**Records provided:**
-.-.-
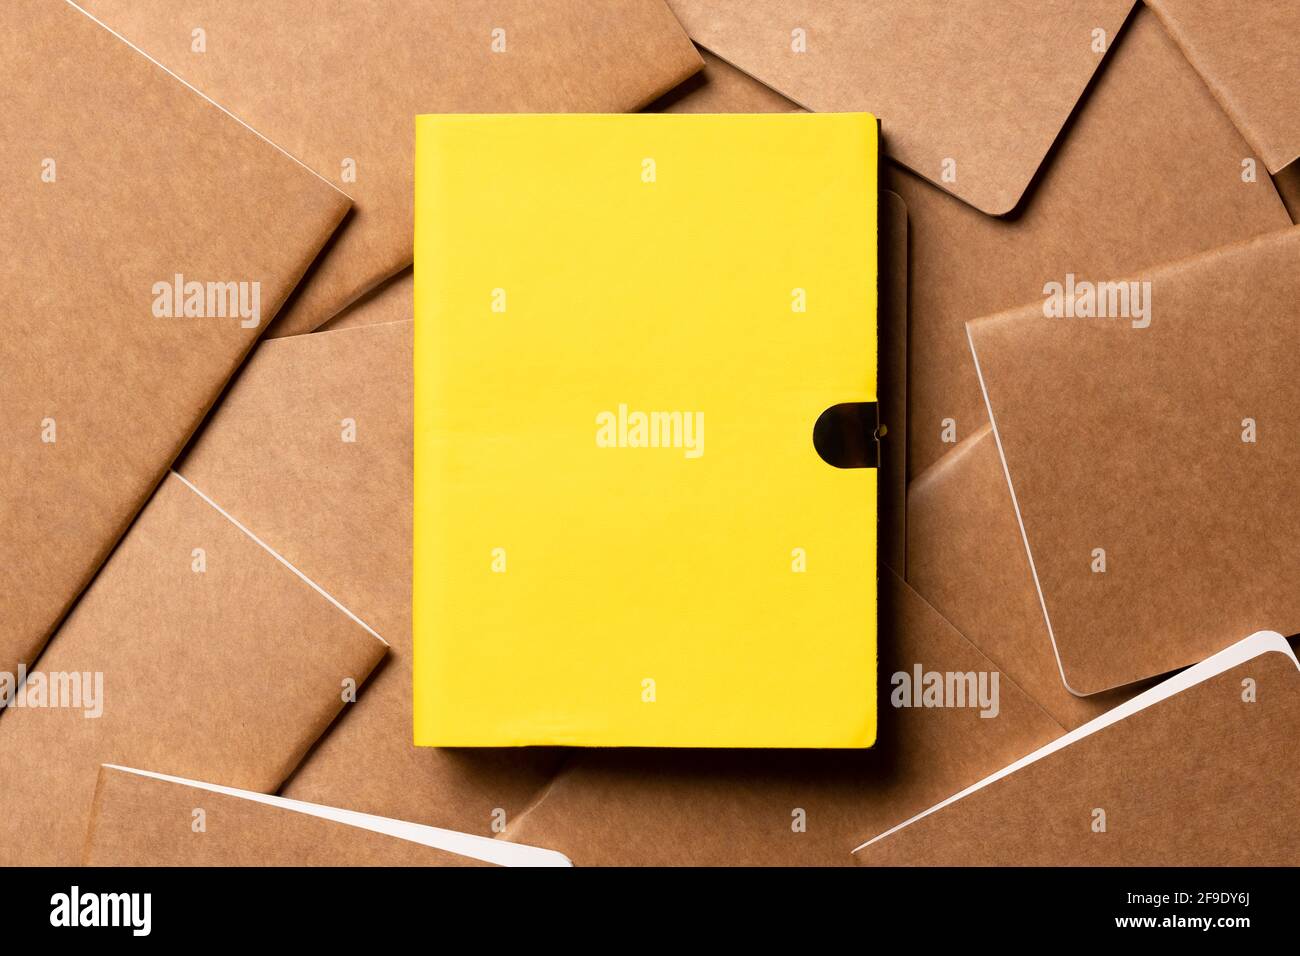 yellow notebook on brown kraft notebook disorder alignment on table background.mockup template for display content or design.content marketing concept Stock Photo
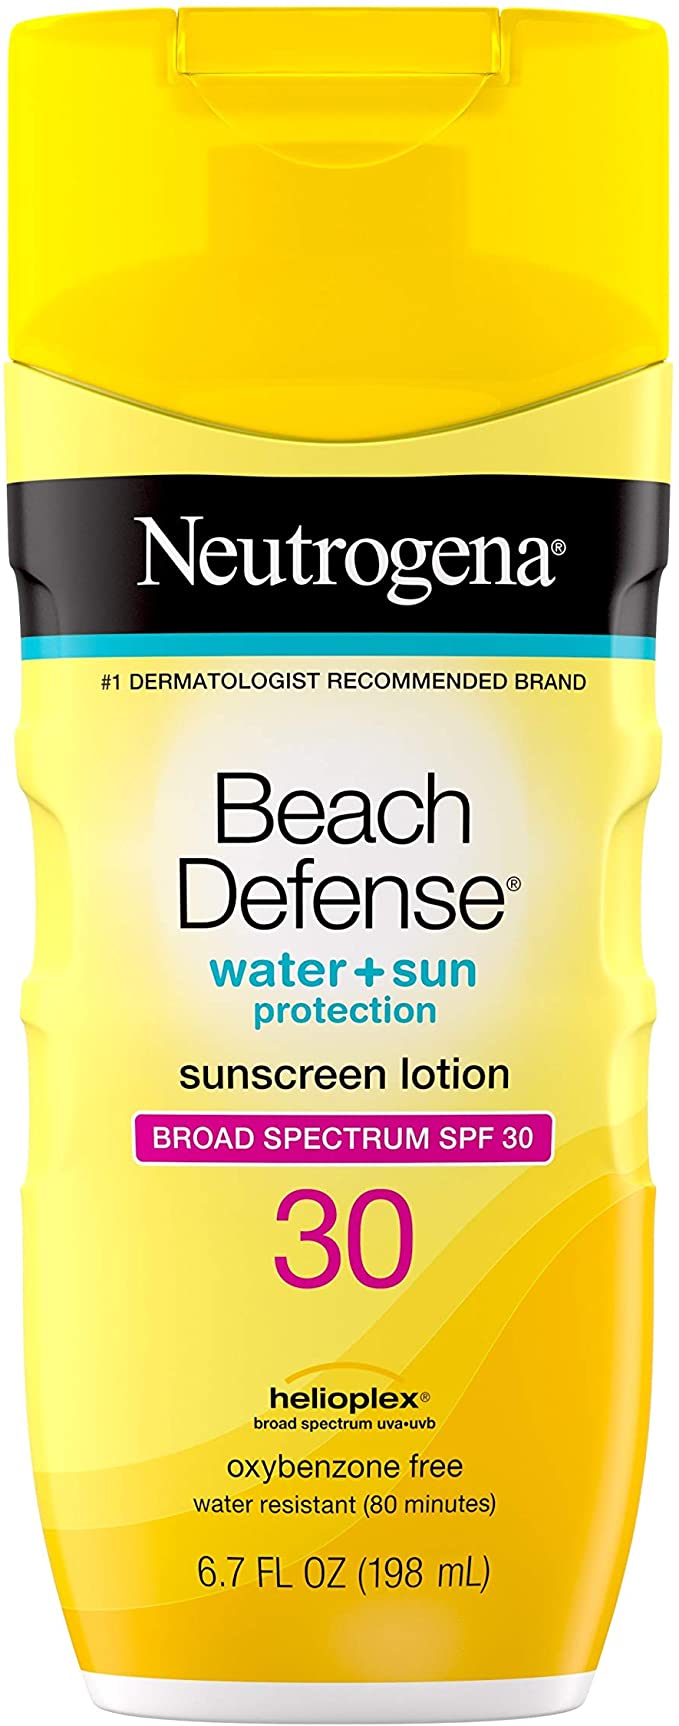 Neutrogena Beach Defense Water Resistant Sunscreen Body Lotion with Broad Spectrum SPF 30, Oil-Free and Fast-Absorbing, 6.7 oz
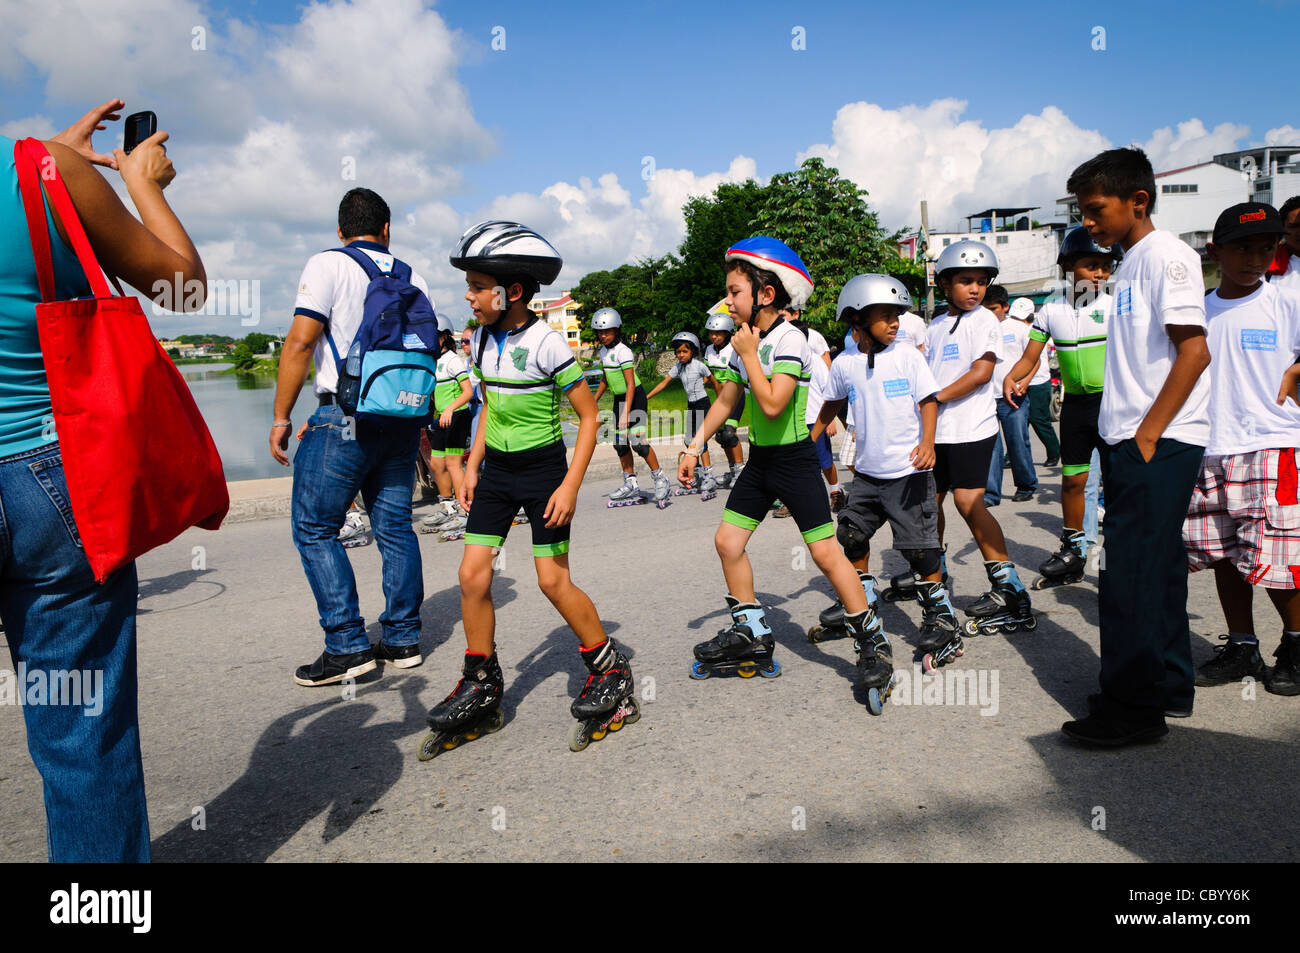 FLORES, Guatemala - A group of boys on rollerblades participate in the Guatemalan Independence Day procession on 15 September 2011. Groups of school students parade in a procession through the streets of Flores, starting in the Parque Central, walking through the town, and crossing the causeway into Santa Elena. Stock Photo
-.-.-
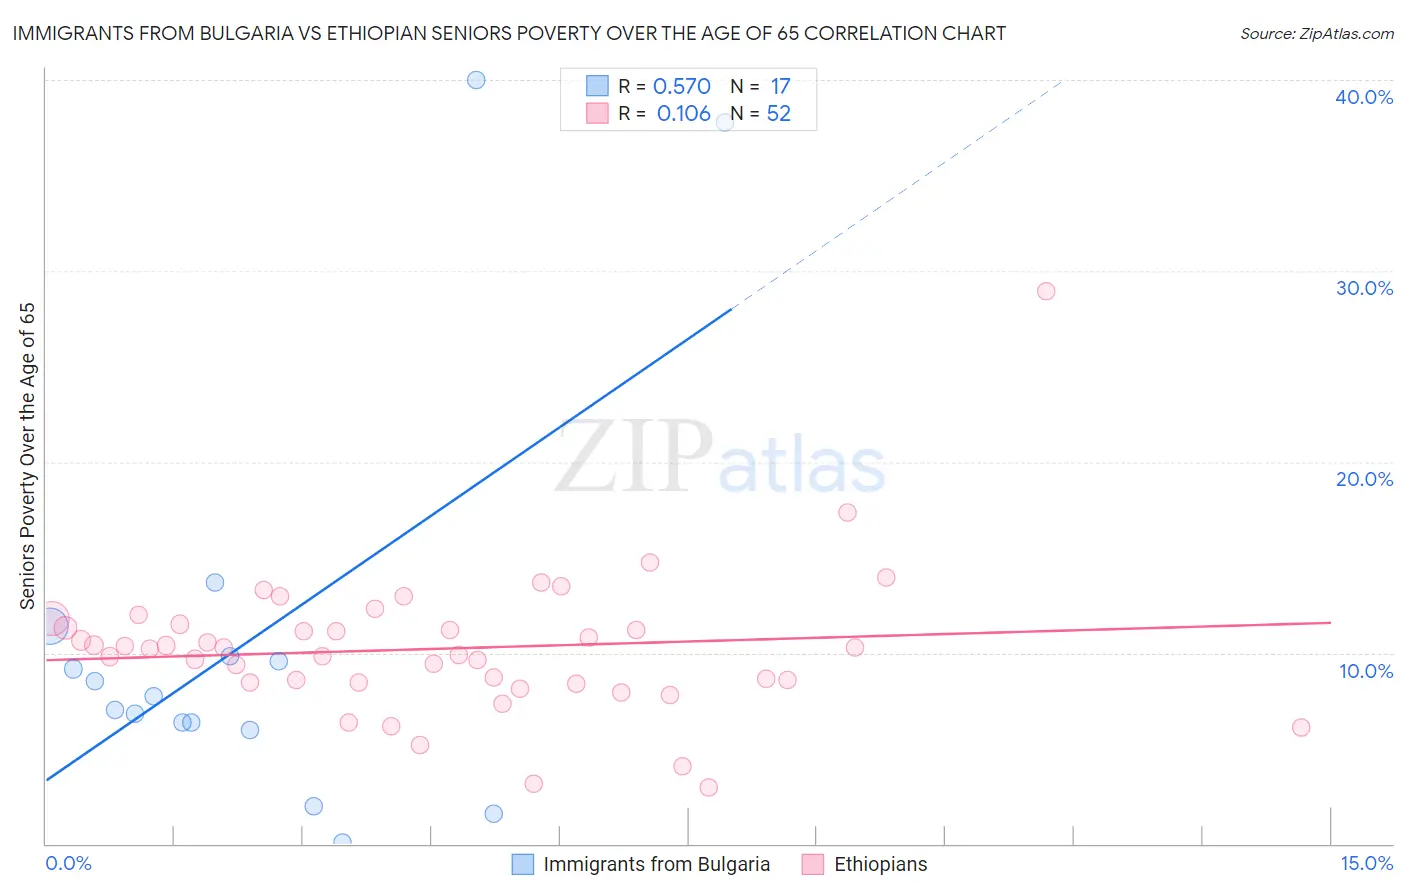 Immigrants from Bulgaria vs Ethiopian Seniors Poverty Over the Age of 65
-.-.-
**Task item:** Reproduce, exactly and only, the lines of the records above starting at the line with "yellow notebook on" and ending at the line with "FLORES, Guatemala - A", both included. Leave every picture out.

**Written answer:**
 yellow notebook on brown kraft notebook disorder alignment on table background.mockup template for display content or design.content marketing concept Stock Photo
 Neutrogena Beach Defense Water Resistant Sunscreen Body Lotion with Broad Spectrum SPF 30, Oil-Free and Fast-Absorbing, 6.7 oz
 FLORES, Guatemala - A group of boys on rollerblades participate in the Guatemalan Independence Day procession on 15 September 2011. Groups of school students parade in a procession through the streets of Flores, starting in the Parque Central, walking through the town, and crossing the causeway into Santa Elena. Stock Photo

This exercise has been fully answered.